Thursday, February 10, 2011

Dry Cough In 7 Months Old Baby




My apologies to all martyrs we have not quite fulfilled, we have not thanked enough, we quickly forget, it was even hoisted on their battered bodies for to power in a sea of anarchy! With great regret I see newly occupied land, walls slyly totaled, hitherto silent voices that have made a single shot at whining, barking, claim, screaming, clear everything and anything, people who already have a roof, a job, complaining, protesting, asking for more, so why not? The martyrs gave us freedom as well enjoy it!

With great indignation I see the traitors of yesterday Musketeers play today, killing each other, ridicule, exchanged accusations, that play was the most boot-licking, betraying their low level of reflection. I see women out asking for more equality, secularism, while the heroes are not the Kasbah finished fighting and sacrifice for our freedom, while the young son of honest people have not finished to be threatened, abused, stigmatized by the infernal machine of propaganda RCDiste while Sidi Bouzid has not finished immolation to save the revolution .. I see people on the set trying to boost their TVs jackets, to promote their place in the landscape poltico-Tunisian, as dogs! Opportunists, but people are not fools and do not forget, this history does not forgive, you had better stay at home or at most to apologize to the people, because in the end we are all guilty to varying degrees, each in its own way.

We knew, we knew that there were crimes and it was silent! It brooded alone or with friends in a low voice, each in his corner, it might be why I can not sleep quietly at night in the absence of nightmares I see ... mini-nightmares. That's why I can not help but I ask: how is it that I never sought to see the history of the former president? her education level, for example, how did he do to propel themselves at the head of government, or maybe if, once on Wikipedia, and then I forget. Apart from a few pages of "The Regent of Carthage a pirated copy that a friend sent me, my brother in law was printed, then read it to me over, I read a few pages and I I left at my bedside, what I've read quite disgusted me. Sometimes I imagined the police in our land and confiscate me, with me in passing, I'll be gone with them, now a mirage!

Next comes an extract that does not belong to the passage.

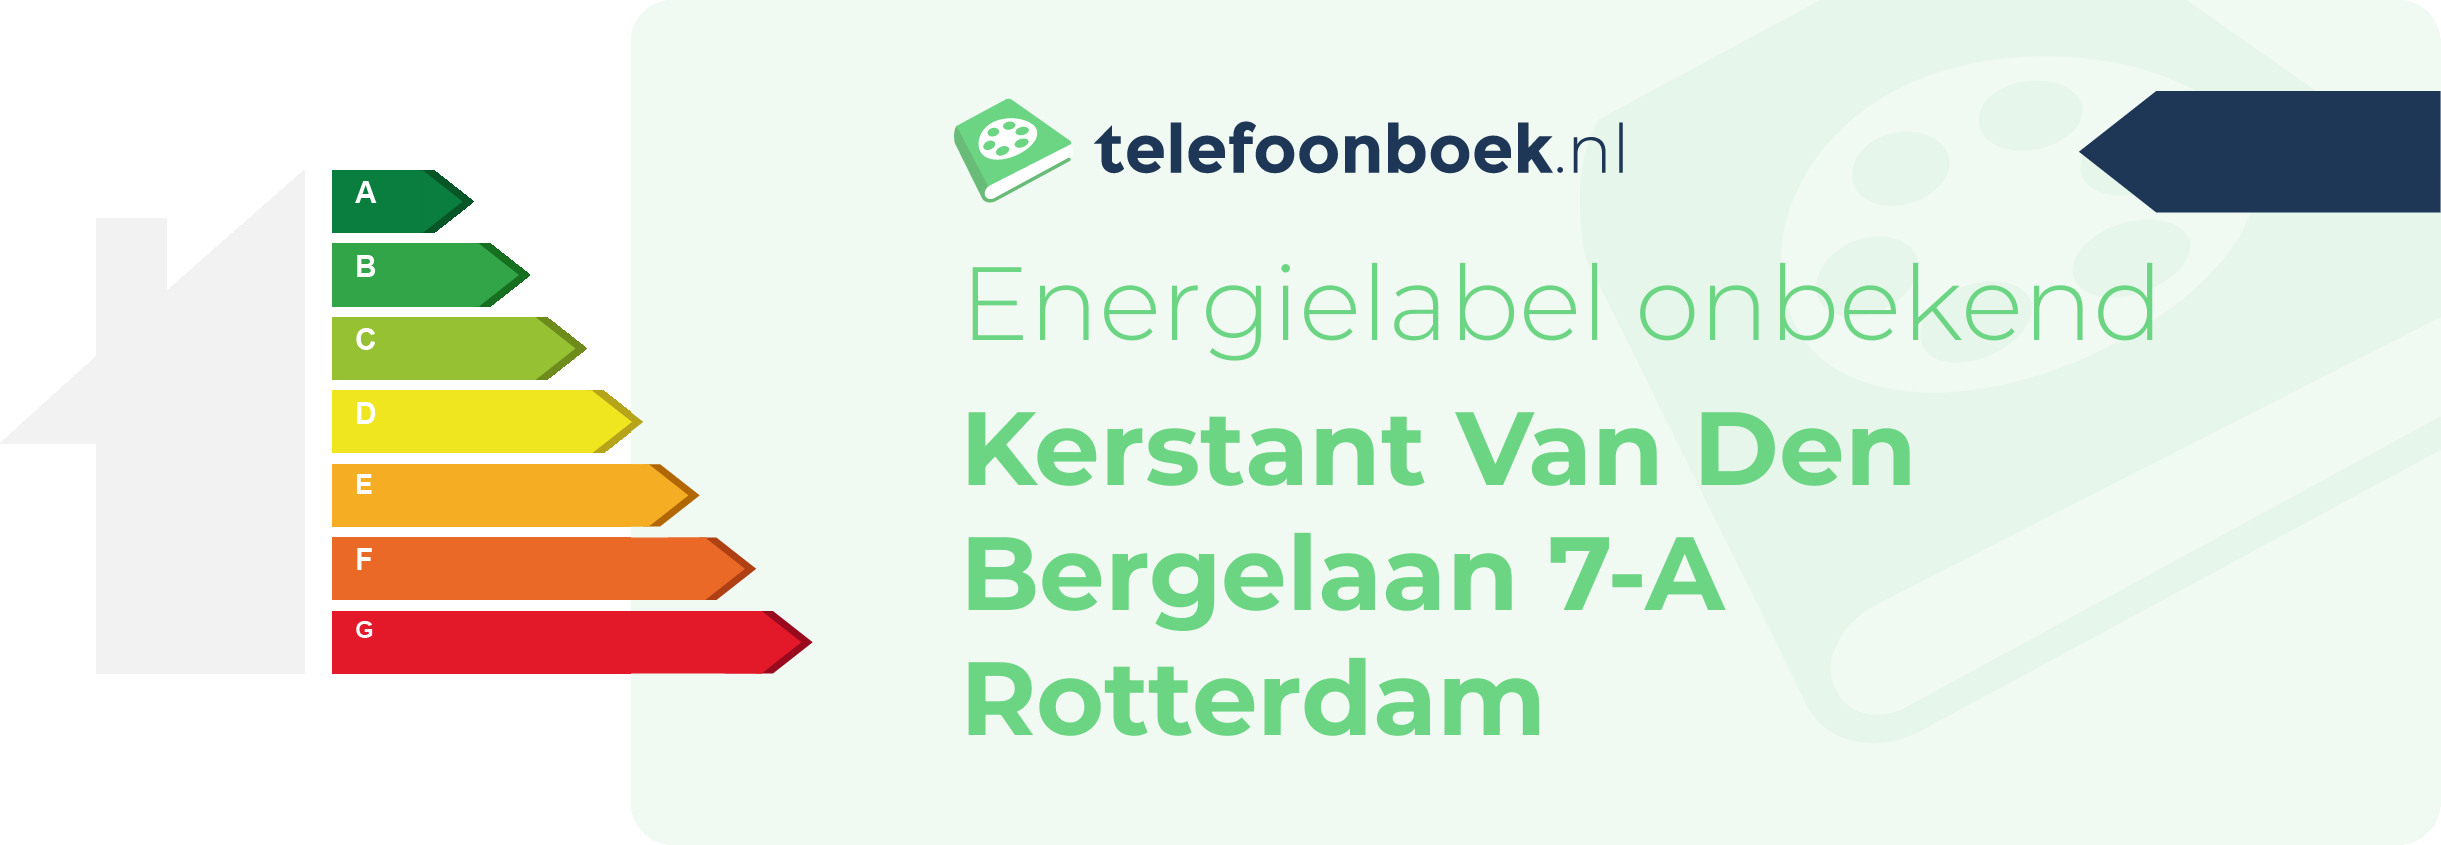 Energielabel Kerstant Van Den Bergelaan 7-A Rotterdam

I can not get over what happened, I wonder what could I do and I did not? Mom was scared for me and forced me to censor MYSELF and today I would have liked to be more courageous or at least more conscious, more "dangerous" and especially less lazy, I'm only too rarely used proxy. I had always focused on his Lolita and I forgot him, so I hate him more than ever today, when I think a few weeks ago I "defended" by talking with friend, I thought that it might be overtaken by events, old, sick, surrounded by a mafia family, .. but that was before .. before 9 / 11 before he dared send his mercenaries killing our children, then I saw the truth in the face, the truth in all its horror: the president is a killer who is more arrogant, reckless its stupid and clumsily playing our feelings! Unaware of the imminent danger, unable to hear the national anthem of the revolution ..

Poor revolution! Like an orphan that everyone wants to abuse, that everyone was placed as guardian, that impostors and liars! Steer you away, take your hands dripping with blood, your face betraying the cowardice and hypocrisy, then let go! Do you know what price we had our freedom? The blood of martyrs I will not repeat it enough, BLOOD OF THE MARTYRS by into the bargain, the sound of sighs and prayers of the persecuted before the Anonymous and online activists, the revolution has nourished people who gave their lives . So my apologies to these men, these women, these young people who died so that old two-finger of Alzheimer's are disrespectful to their memory. My apologies fellow I did not even find your pictures on the net, I wanted to post photos so That We Can Never Forget, pictures of you living in the prime of life, perhaps even with a smile before your core is collected by cowards, before turning the last page, sad memories for your family is what is worst. They think they redeem themselves by money, they know nothing about your long nights when you gisez dying before the image of a child, a beloved party so we are able today of speak freely, so that access to Youtube is no longer banned, silly! To ensure that we the Cinderella of modern times and we promise a future where you can admire beautiful porn quietly on the Internet, that's why people have given their lives?!


Apologies my friends! If you knew how I am ashamed for them, for us, for me, because ultimately, what am I? A consumer of the product offered by you good people! Another product which I have not helped, I did not even buy, I have not spent a penny to enjoy, to enjoy the exquisite taste of freedom! So yes I am ashamed and I regret for not been is a January 14, having received no boost, not to have offered my body to police batons, even when snipers came home I was not afraid, the army was there, I was in a video game size, I was excited like a child. My apologies I told you I'm just a girl spoiled, trivial, capricious at will! So my apologies to the end I keep to myself, I think I need you Oh martyrs and heroes! I would have given anything to sleep on your side, to escape this world of lies and hypocrisy, to finally get to Paradise! May God grant you and relieve your family and loved ones!